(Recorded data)
┏━━

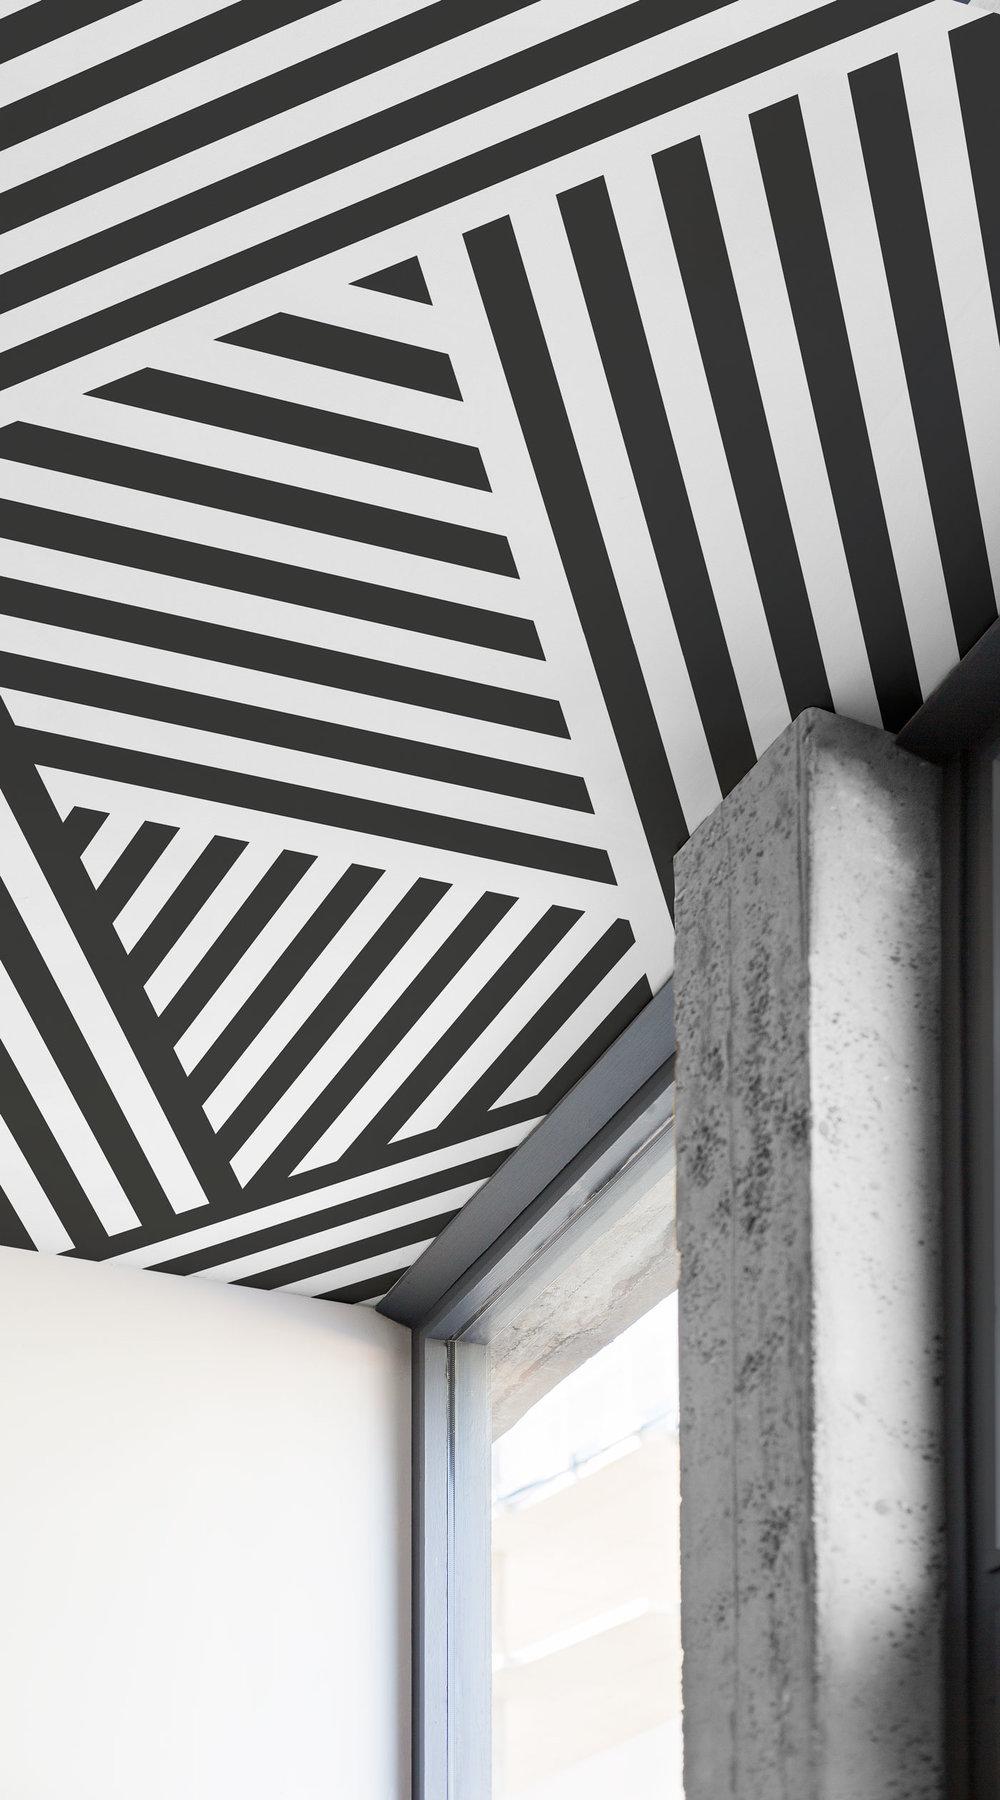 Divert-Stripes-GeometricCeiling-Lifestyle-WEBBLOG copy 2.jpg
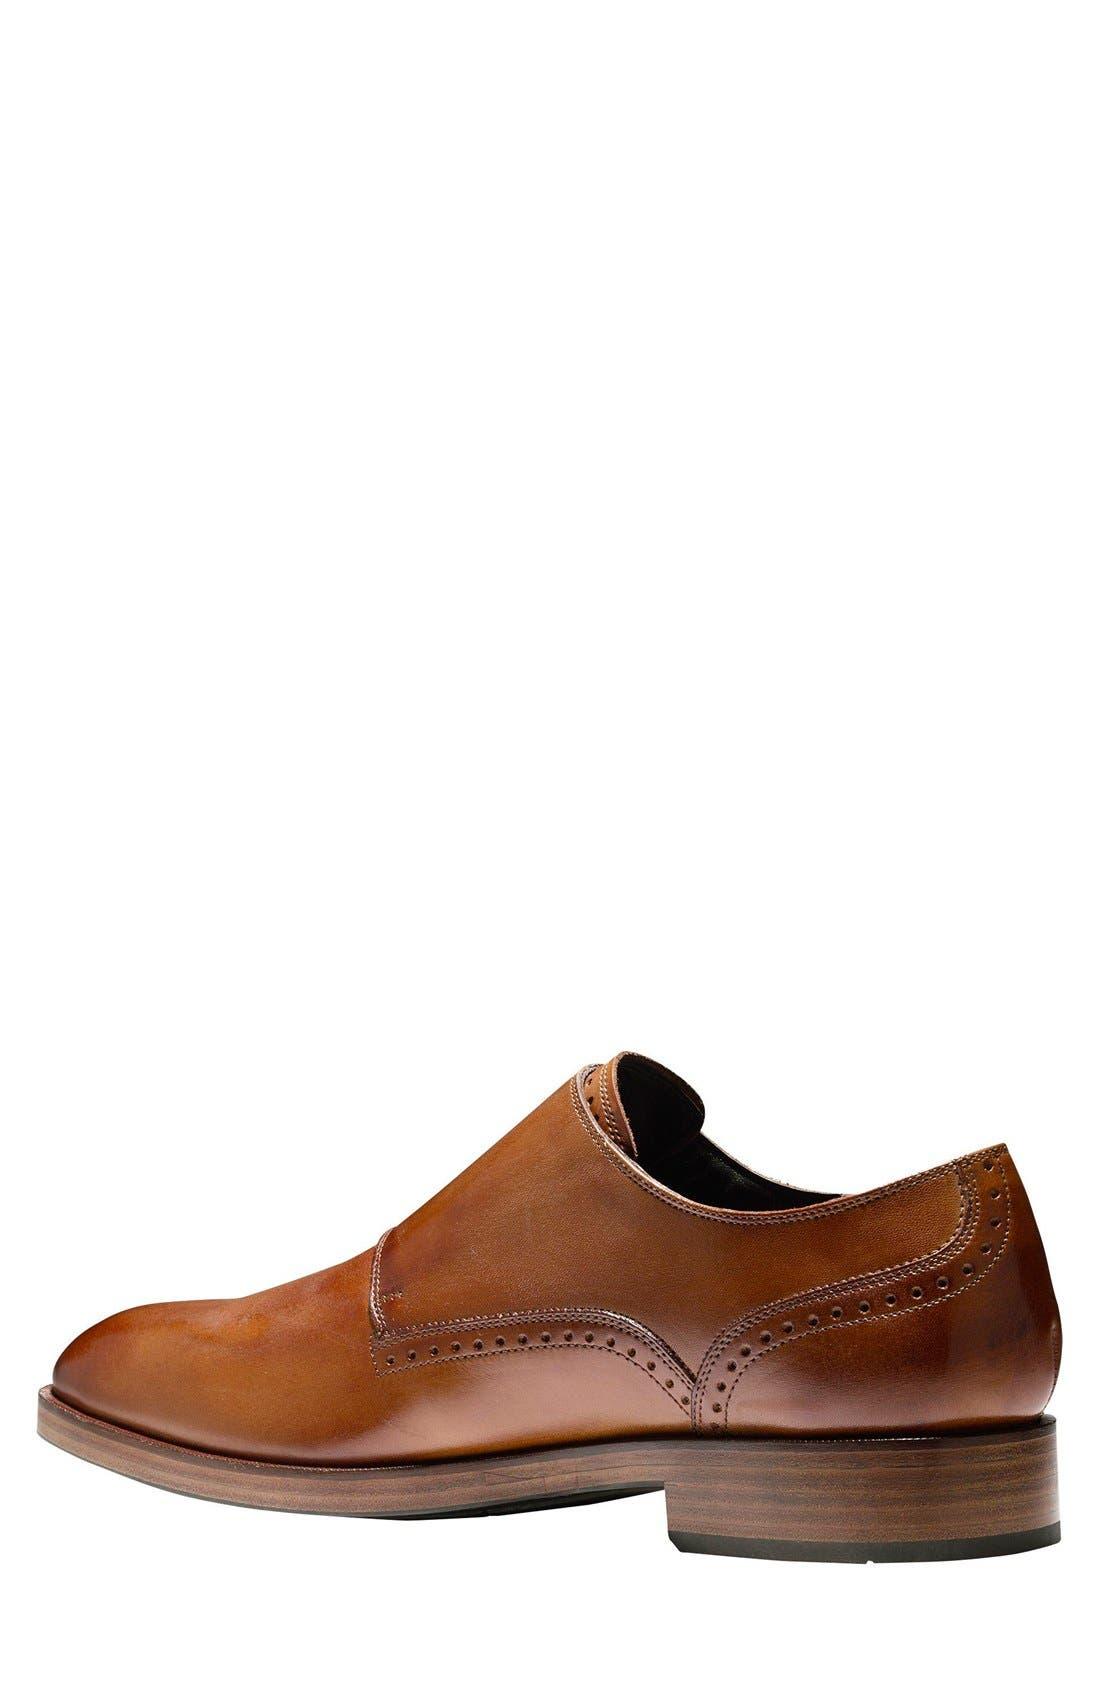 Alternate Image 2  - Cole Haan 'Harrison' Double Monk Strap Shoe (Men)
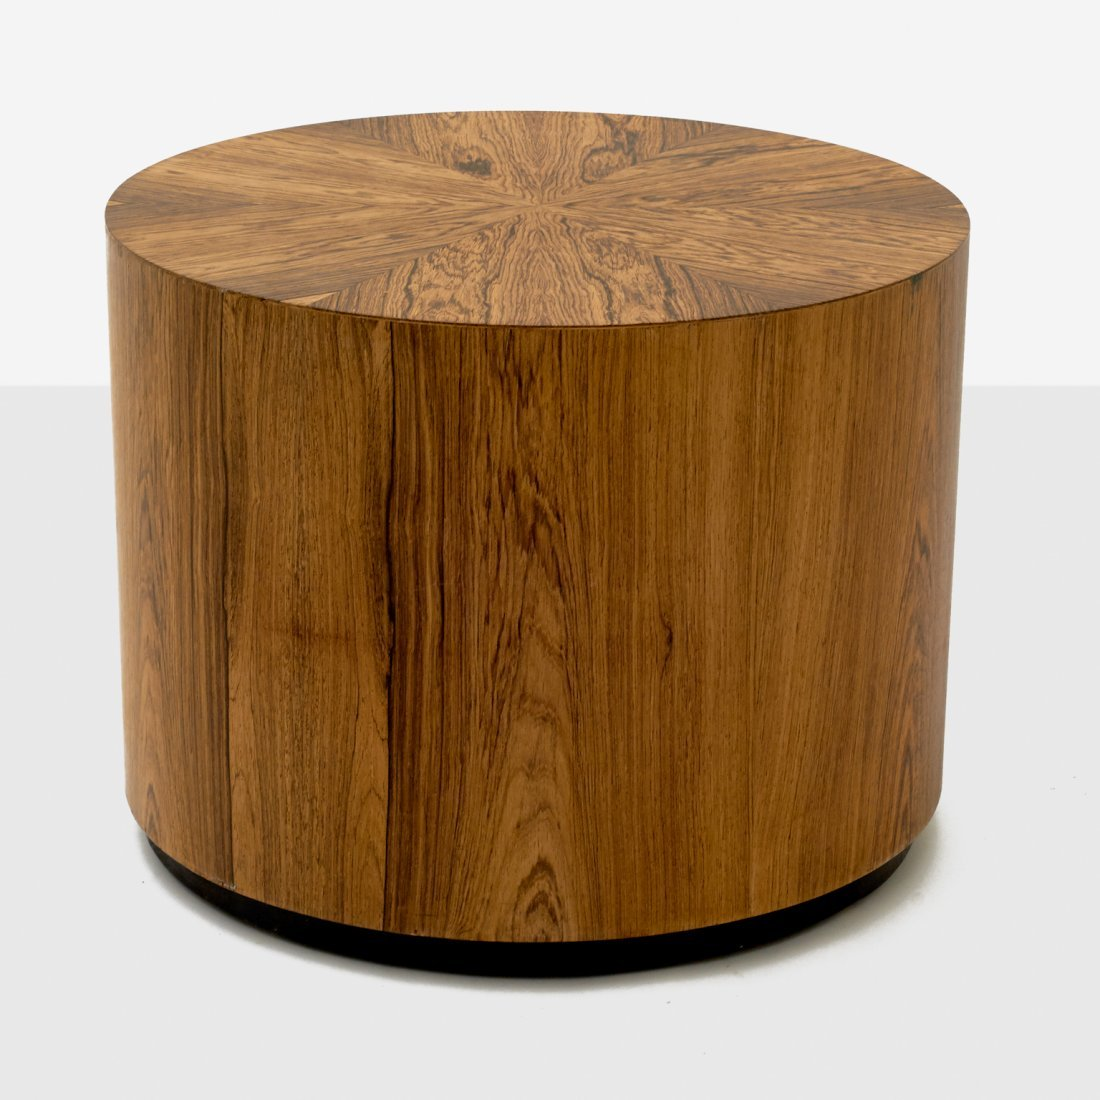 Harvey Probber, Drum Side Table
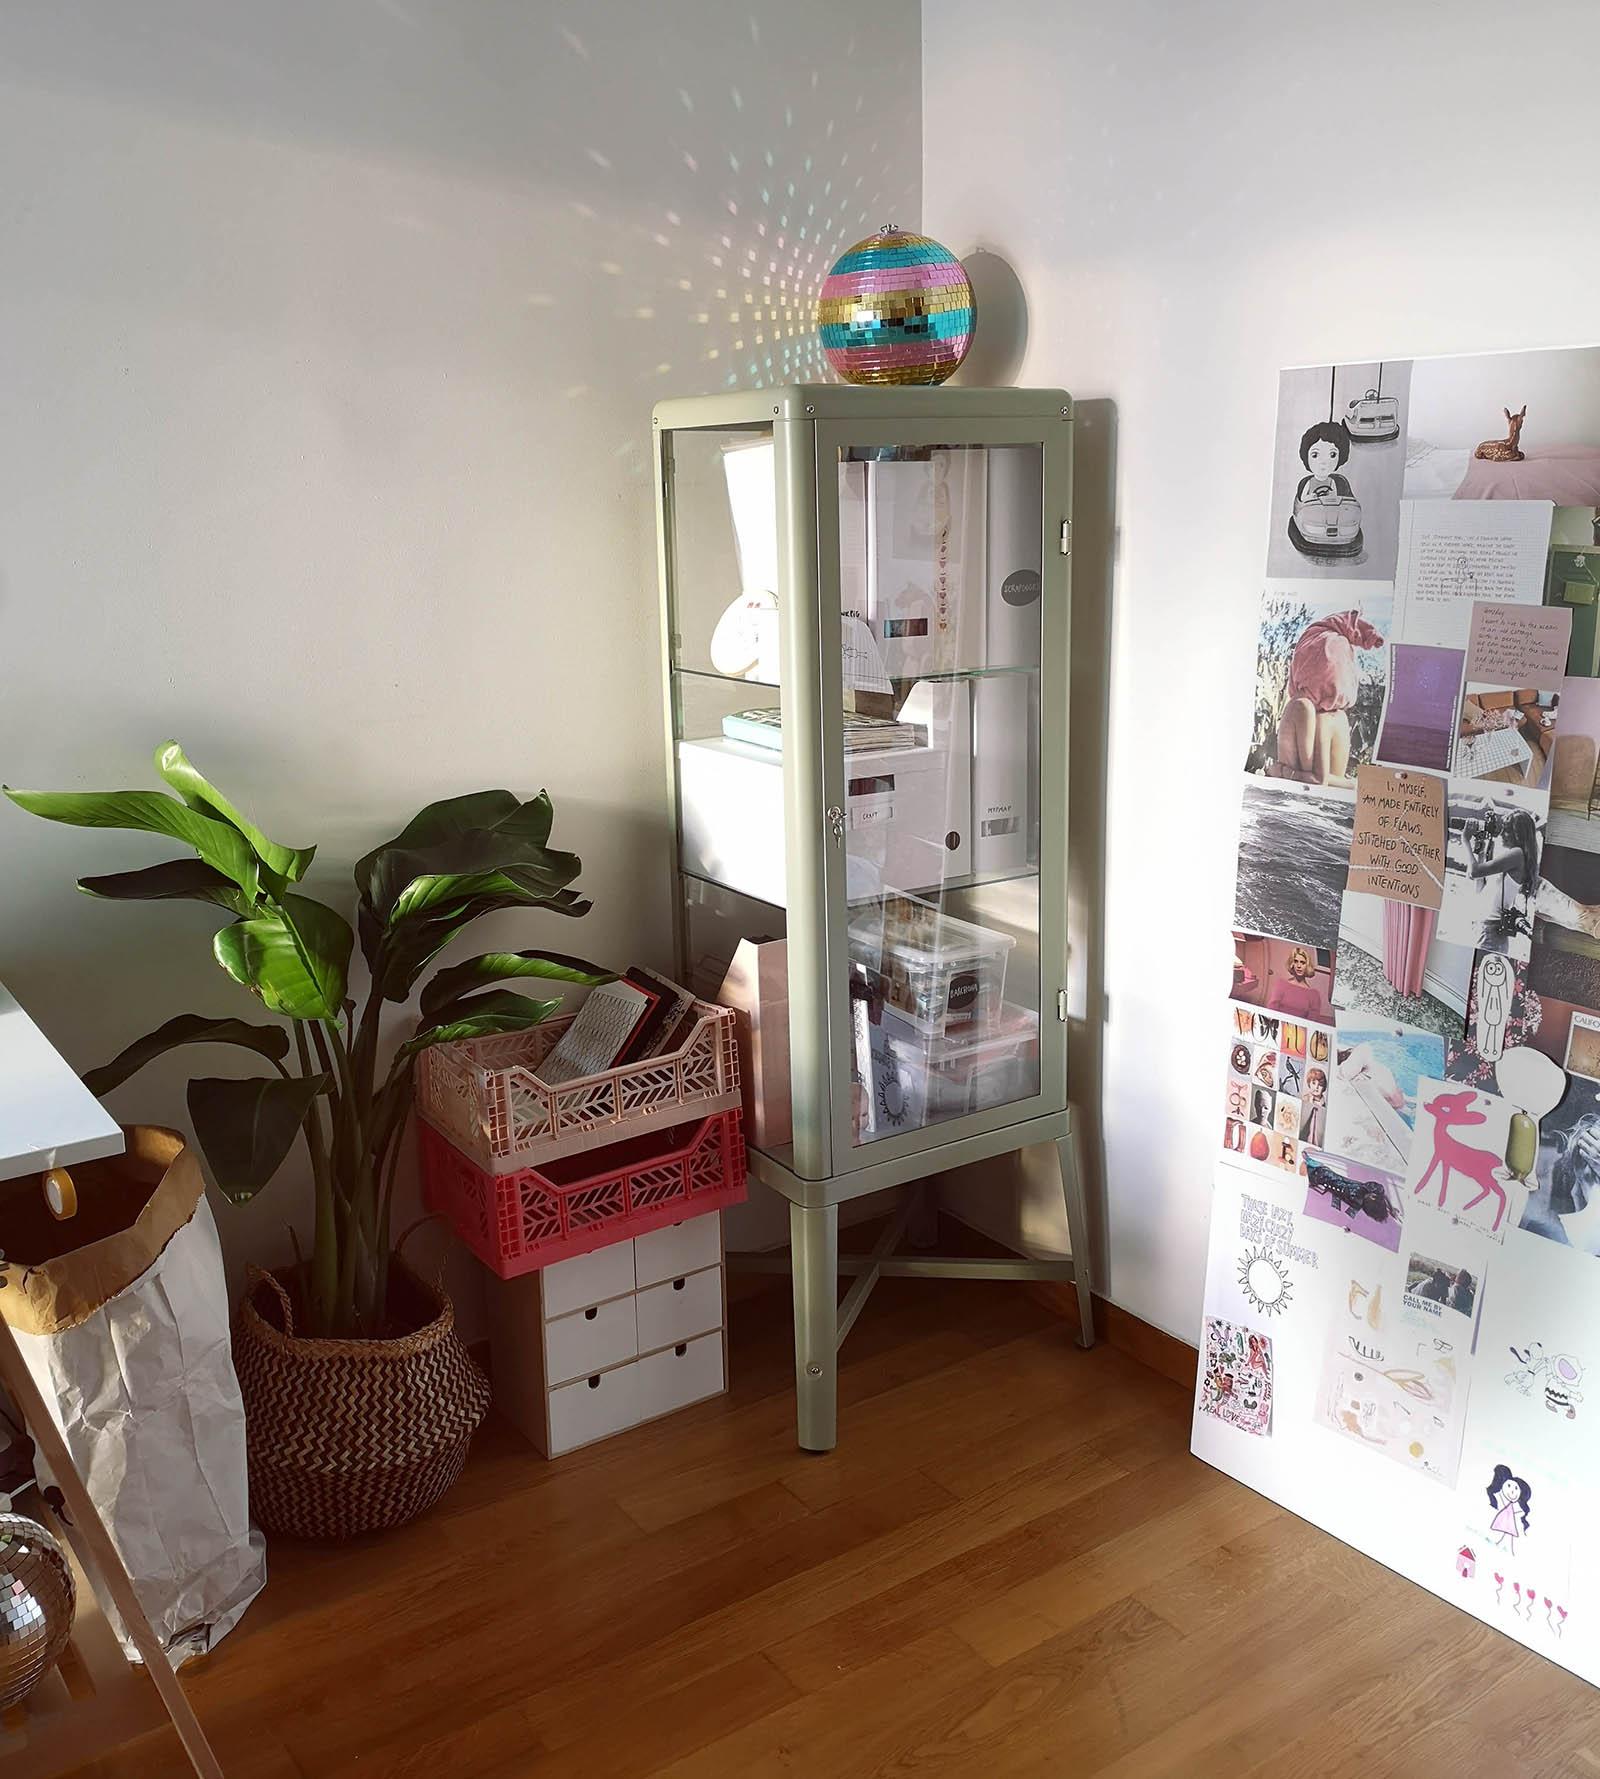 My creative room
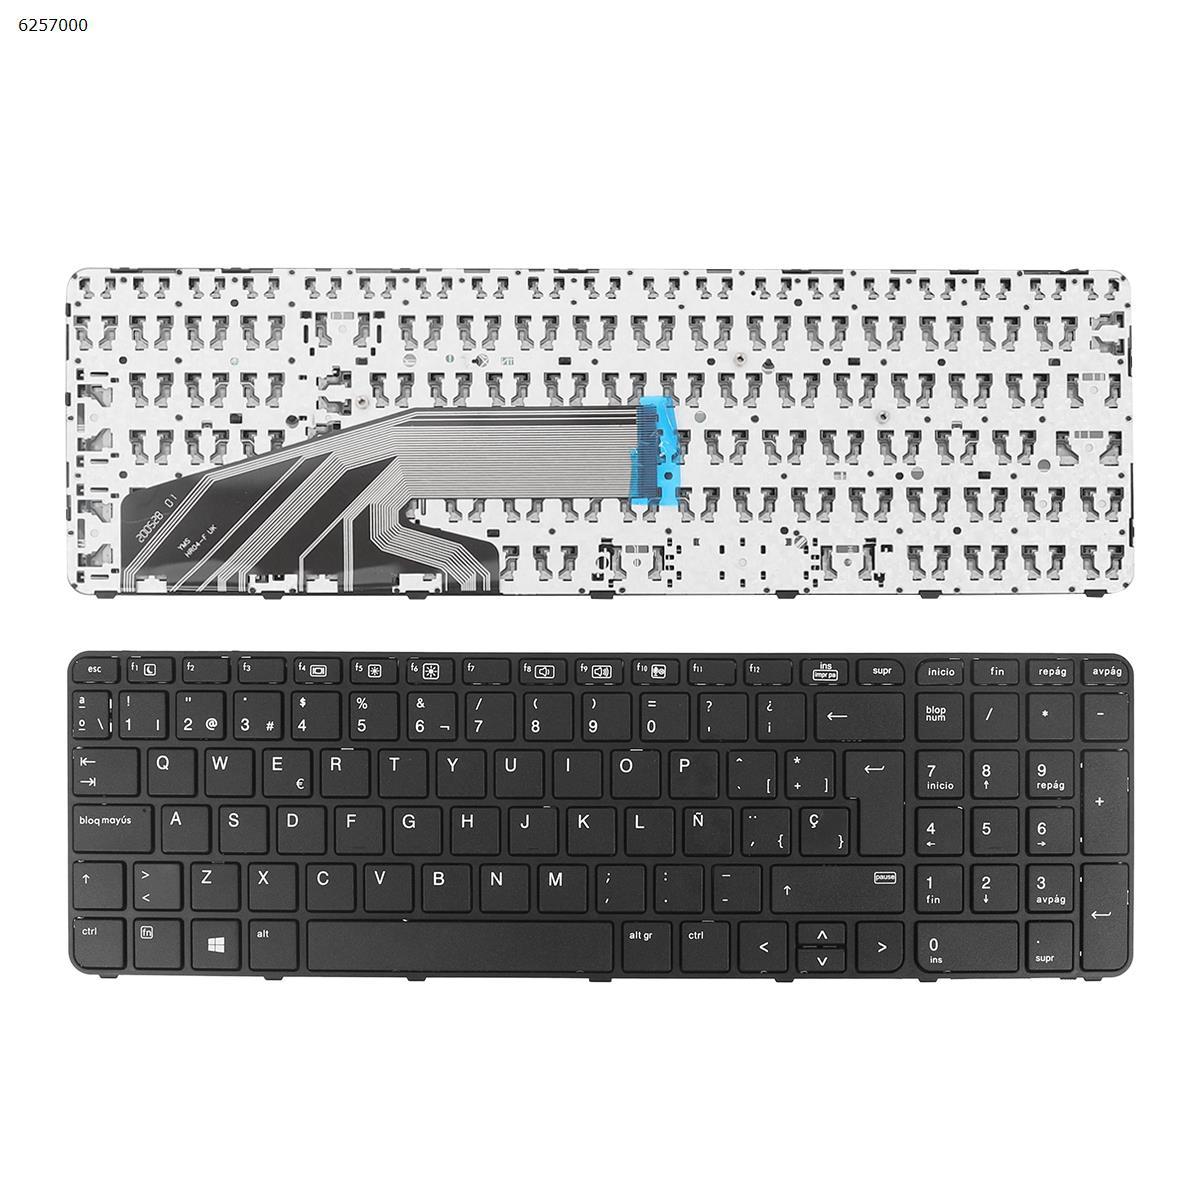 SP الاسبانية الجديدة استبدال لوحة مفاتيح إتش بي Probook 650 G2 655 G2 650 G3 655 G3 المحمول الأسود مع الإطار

┗━━

TASK:
Start with the line that holds "Alternate Image 2" and retype each line through the last one in the data, exactly and without pictures.

RESULT OF THE EXERCISE:
 Alternate Image 2  - Cole Haan 'Harrison' Double Monk Strap Shoe (Men)
 Harvey Probber, Drum Side Table
 My creative room
 SP الاسبانية الجديدة استبدال لوحة مفاتيح إتش بي Probook 650 G2 655 G2 650 G3 655 G3 المحمول الأسود مع الإطار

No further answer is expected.